Pictures to follow, along with my animals which I have been meaning to do for some time. :2thumb:


----------



## 4ftfreedom

i have just obtained an old beer fridge, its 2ft x 3ft x 1.5ft (whd) 

is this too big for an incubator?

if not, do i need to line it or strip it out?

it has a double glazed glass door whicj i wanted so i dont have to keep opening the door


----------



## mack_snow

Hi,
I just need a few questions answered:

- Do I leave the lids on the cricket boxes(with the eggs in) when there in the incubator? 

- I have made a polly box incubator with a matstat & Heatmat with a shelf and windows so i can see the eggs etc. do i need a computer fan to circulate the air? or is it ok air tight?

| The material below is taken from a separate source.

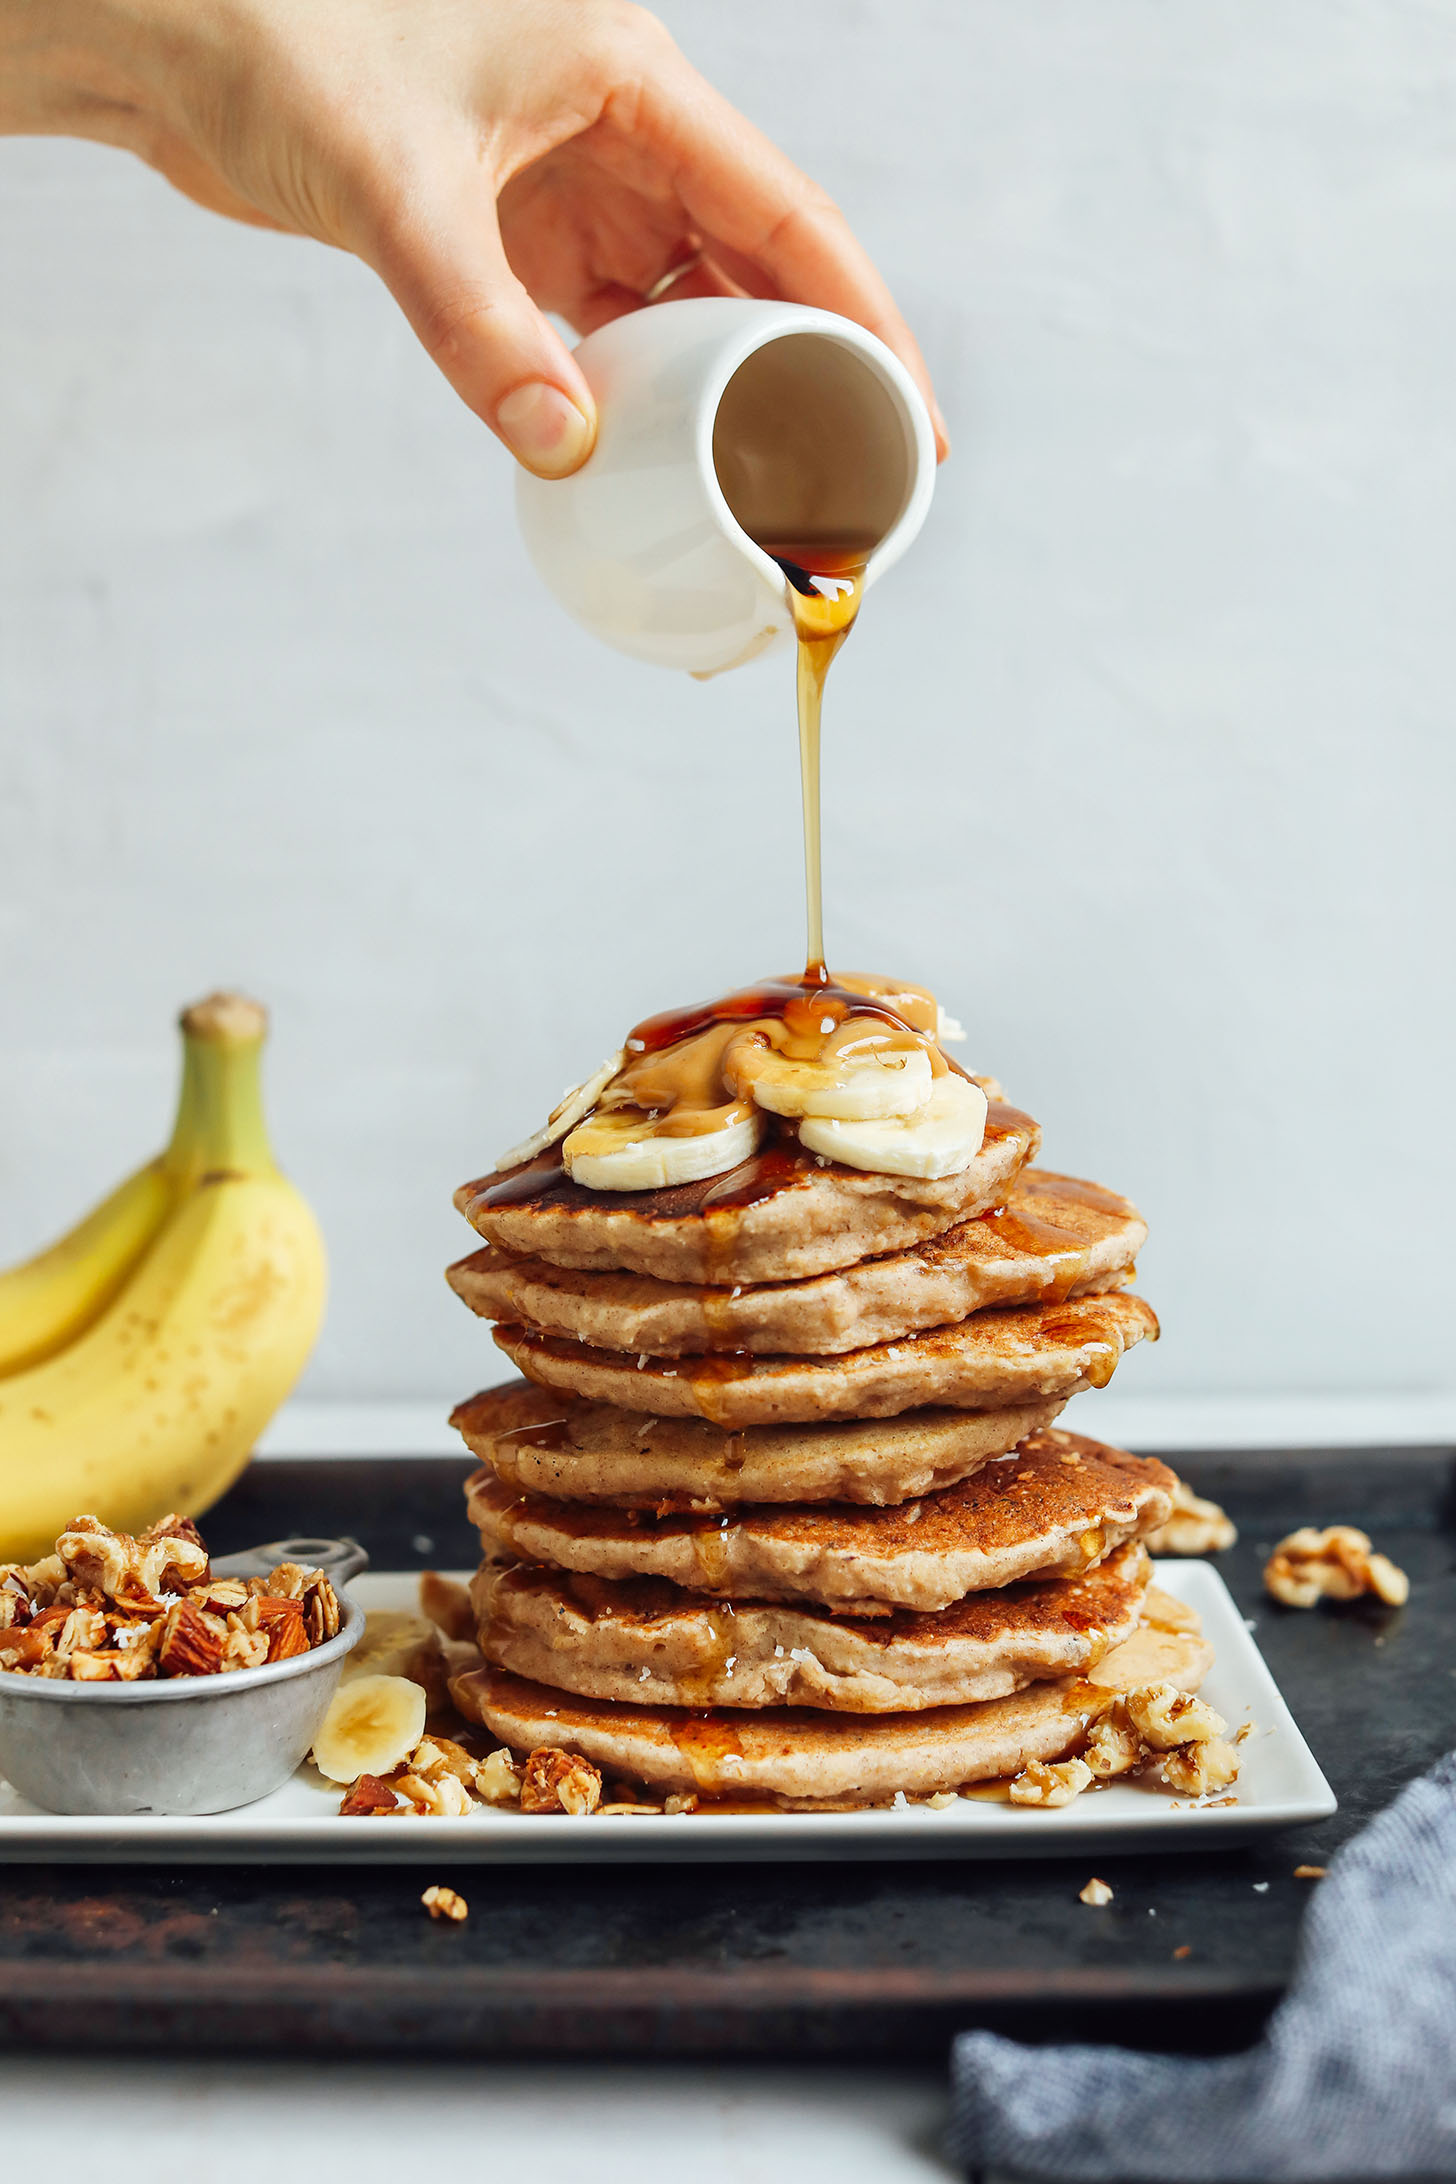 Drizzling syrup onto a stack of gluten-free vegan Banana Pancakes

- While the eggs are cooking do i need to keep the vermiculite moist?

Thanks
Justine​


----------



## mack_snow

Anyone?


----------



## mokey28

hello mac snow um i keep the lids on my tubs while they r in the incubator but i put 2 little slits in the top so some of the moister can get out and dont make the eggs moldy and yeah you should cheack them bout once a week and maybe give um a little spry i keep the spray bottle in my incbator so it is the same temp as the eggs when i spray it in


----------



## mack_snow

Thank you Monkey28 :2thumb:


----------



## chanty

Is there any make thermometers and hygrometers that are more reliable/better to get for the polybox incubators?

Chantelle


----------



## lewisdark86

fab thread:2thumb:


----------



## deano955

i need to go make one of these as i think my agamas have been getting it on so big help :lol2::no1:


----------



## anna2008

*heating and humidity readings in a homemade incubator*























































i built my own incubator the other day and i put a digital thermostat and a digital hygrometer 


at the moment the digital hygrometer is reading at a steady 89%

and the thermostat is reading between 90-100f


is this the right temp for leopard gecko eggs?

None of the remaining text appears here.